Advent 2021:

Come and Worship

A Free Online Advent Calendar and Devotional Journey

Advent is more than a countdown to Christmas Day. It’s a season to prepare our hearts to celebrate the incarnation of our Savior, Jesus Christ. Thankfully, this kind of preparation doesn’t require a lot of time, tinsel, ingredients, or wrappings. The only thing needed is to come and worship.

May these Advent devotions be your daily opportunity to respond to that invitation. Visit the calendar below for new devotionals each day or subscribe to receive them directly in your inbox, along with some fun surprises and free downloadables along the way!

December 22
Come and Worship

Excerpted from God with Usby Joshua Cooley, author ofCreator, Father, King

The Word became human and made his home among us. – John 1:14, NLT

Throughout history, God has performed some astounding miracles:

– the creation of the universe

– the worldwide Flood

– the parting of the Red Sea

– the walls of Jericho falling

– Jonah surviving in the belly of the great fish

But the greatest miracle in history is captured in today’s verse: “The Word became human and made his home among us.” We call this the Incarnation. It literally changed the course of human history.

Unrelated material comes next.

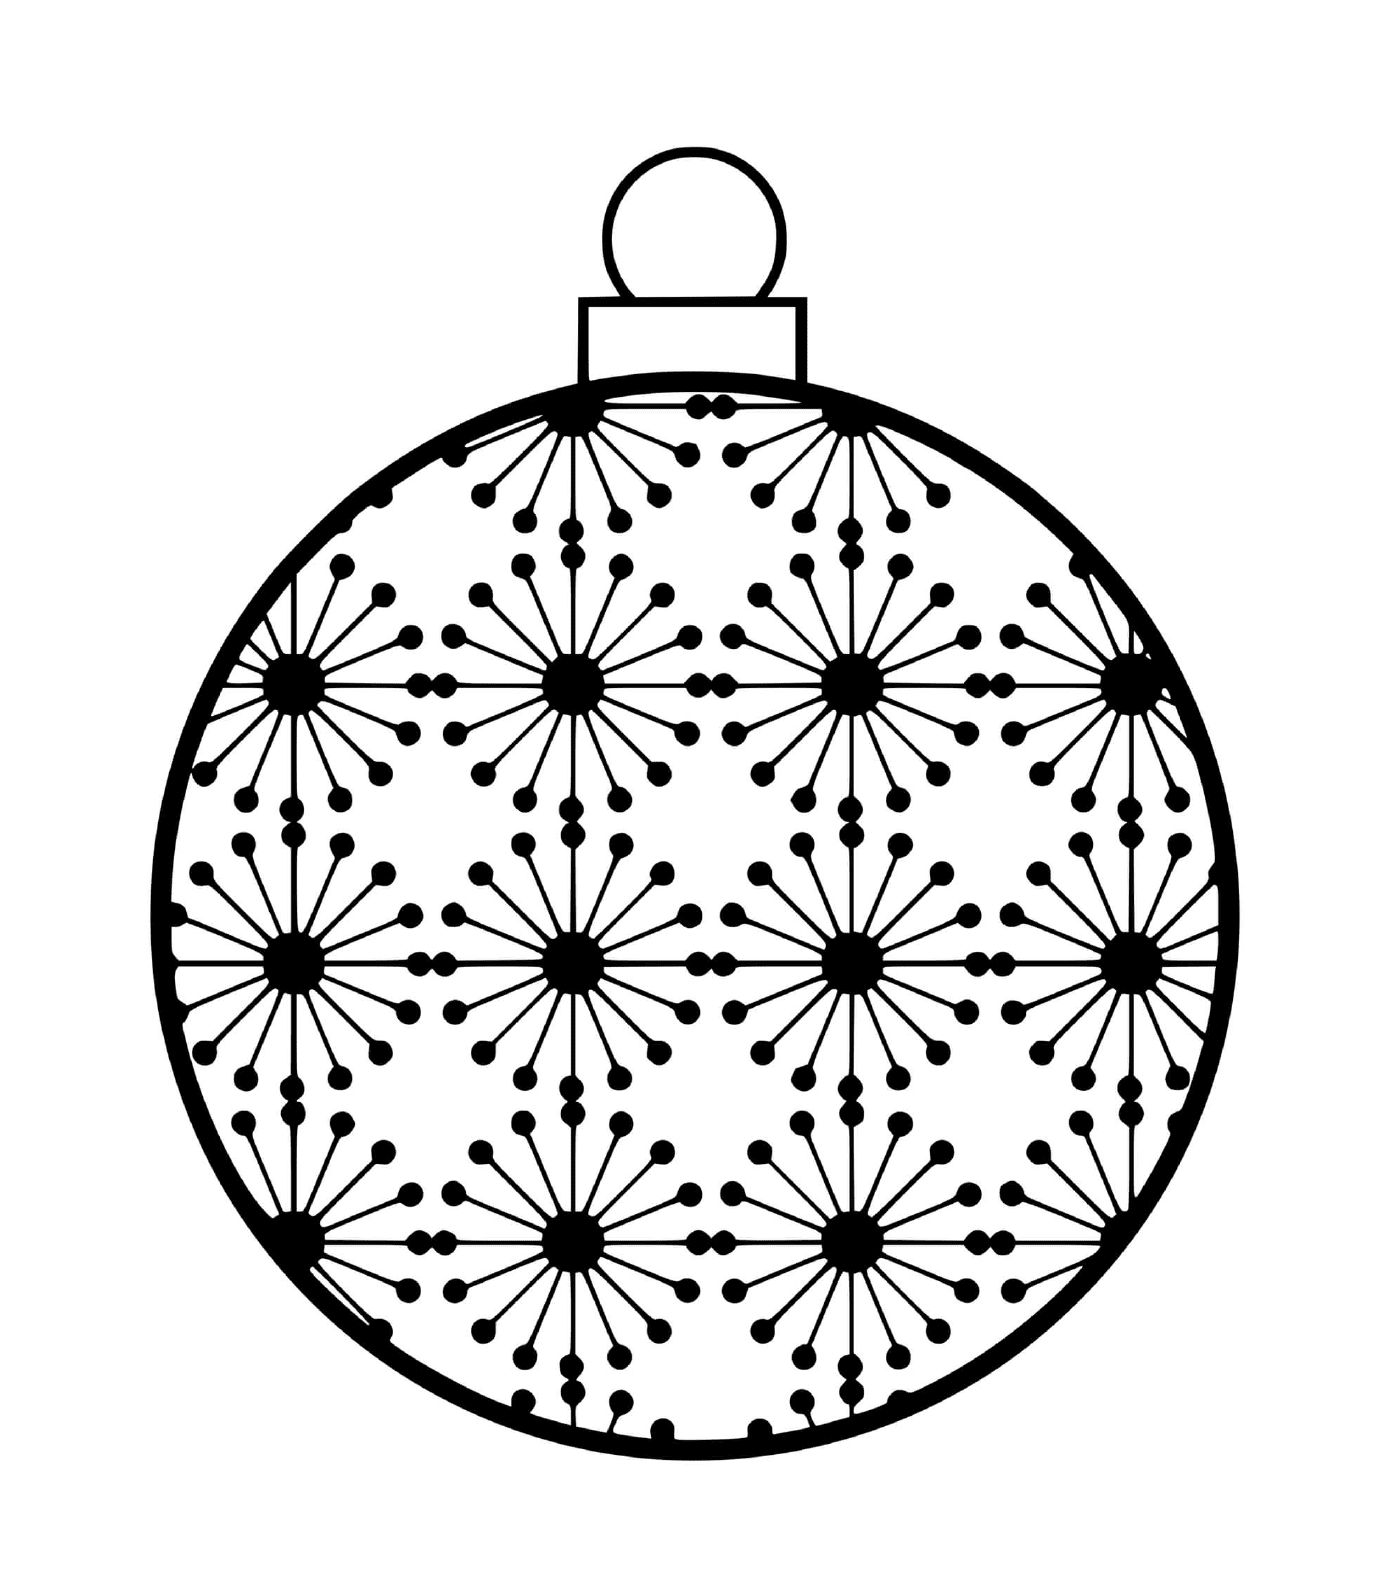  Ein Weihnachtsball mit wissenschaftlichen Mustern von Atomen 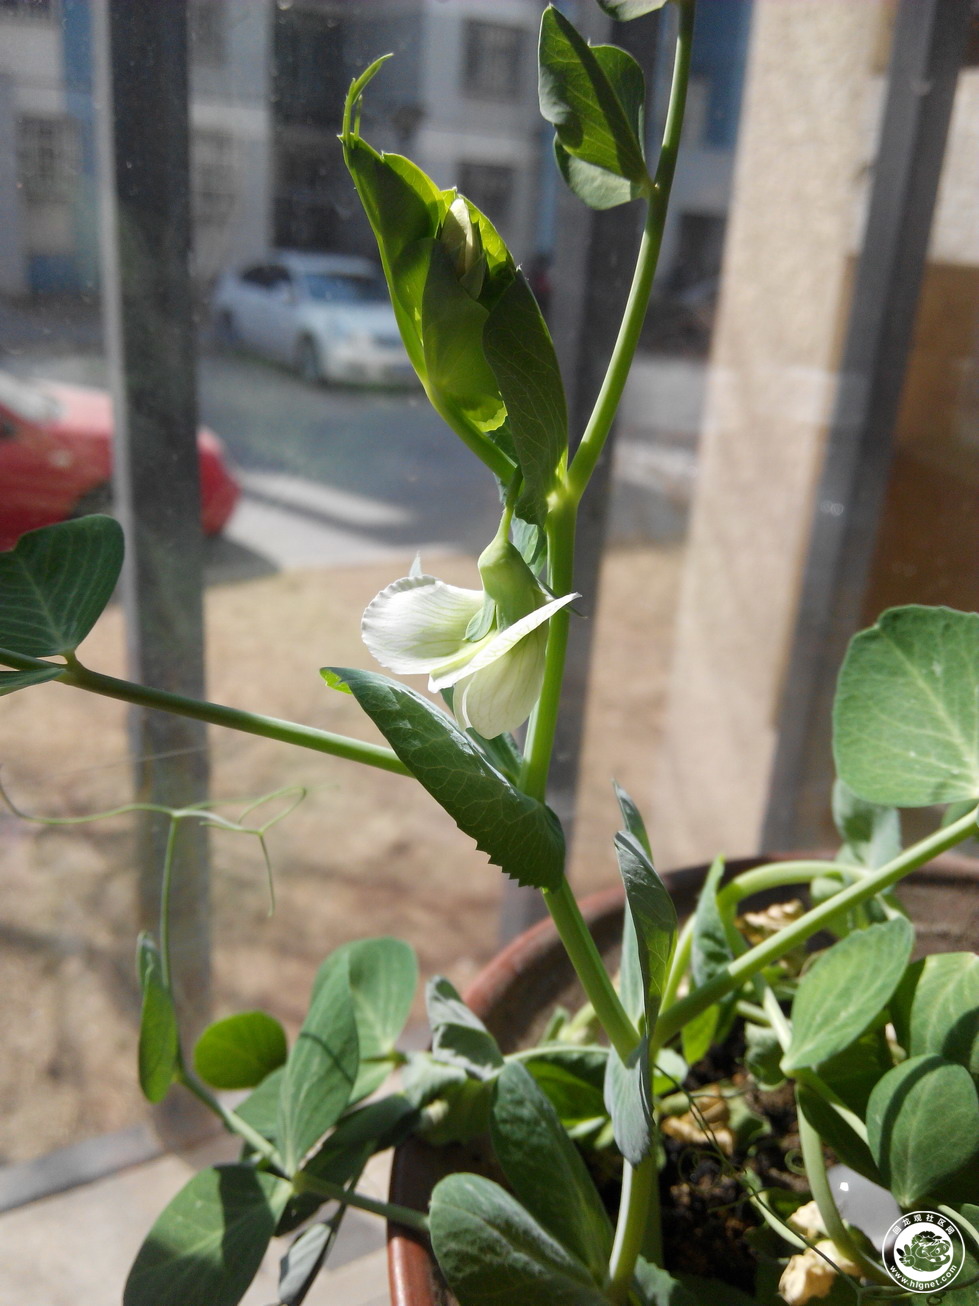 【43号】 【农业嘉年华抢票征文】 我家窗台上的小豆苗开花了

Throughout the Old Testament, God appeared to his people in many ways. He appeared to Moses in the burning bush; to the Israelites at Mount Sinai in thunder, lightning, and smoke; and to Ezekiel in a vision of a heavenly throne room so magnificent that it stretched the prophet’s ability to describe it with human language.

But the Incarnation was completely different.

In the Bethlehem manger, God took on human flesh. This wasn’t just a brief manifestation. The eternal Second Person of the Trinity became one of us and lived among us for more than thirty years. The Lord walked like us, talked like us, and looked like us. He got thirsty, hungry, and tired. He felt joy and pain. The human experience was his, excluding sin (Hebrews 4:15).

He was—wonderfully, miraculously, inscrutably—fully God and fully man. This is why Matthew declares in his Gospel that Jesus was “Immanuel, which means ‘God is with us’” (1:23). There is beautiful mystery to Jesus’ incarnate nature that we were never meant to fully understand this side of heaven.

Why on earth would God come to earth? Why would the Father send his Son to a world ravaged by sin, where his own image bearers—in the most fiendish of ironies—would reject, torture, and kill him?

That’s exactly why. The answer lies within the question. He came because we needed him desperately. Because there was no other way for our sins to be atoned for. Because only the Father’s love and the Son’s sacrifice could restore the relationship sin had severed. He came to save us from ourselves.

Christ left heaven’s glory and took on human flesh for you. What is there left to do but worship and adore the incarnated-now-glorified Savior? Praise his name!

For further reflection:

Read the apostle Paul’s beautiful treatment of Jesus’ incarnation, sacrifice, and glorification in Philippians 2:5-11.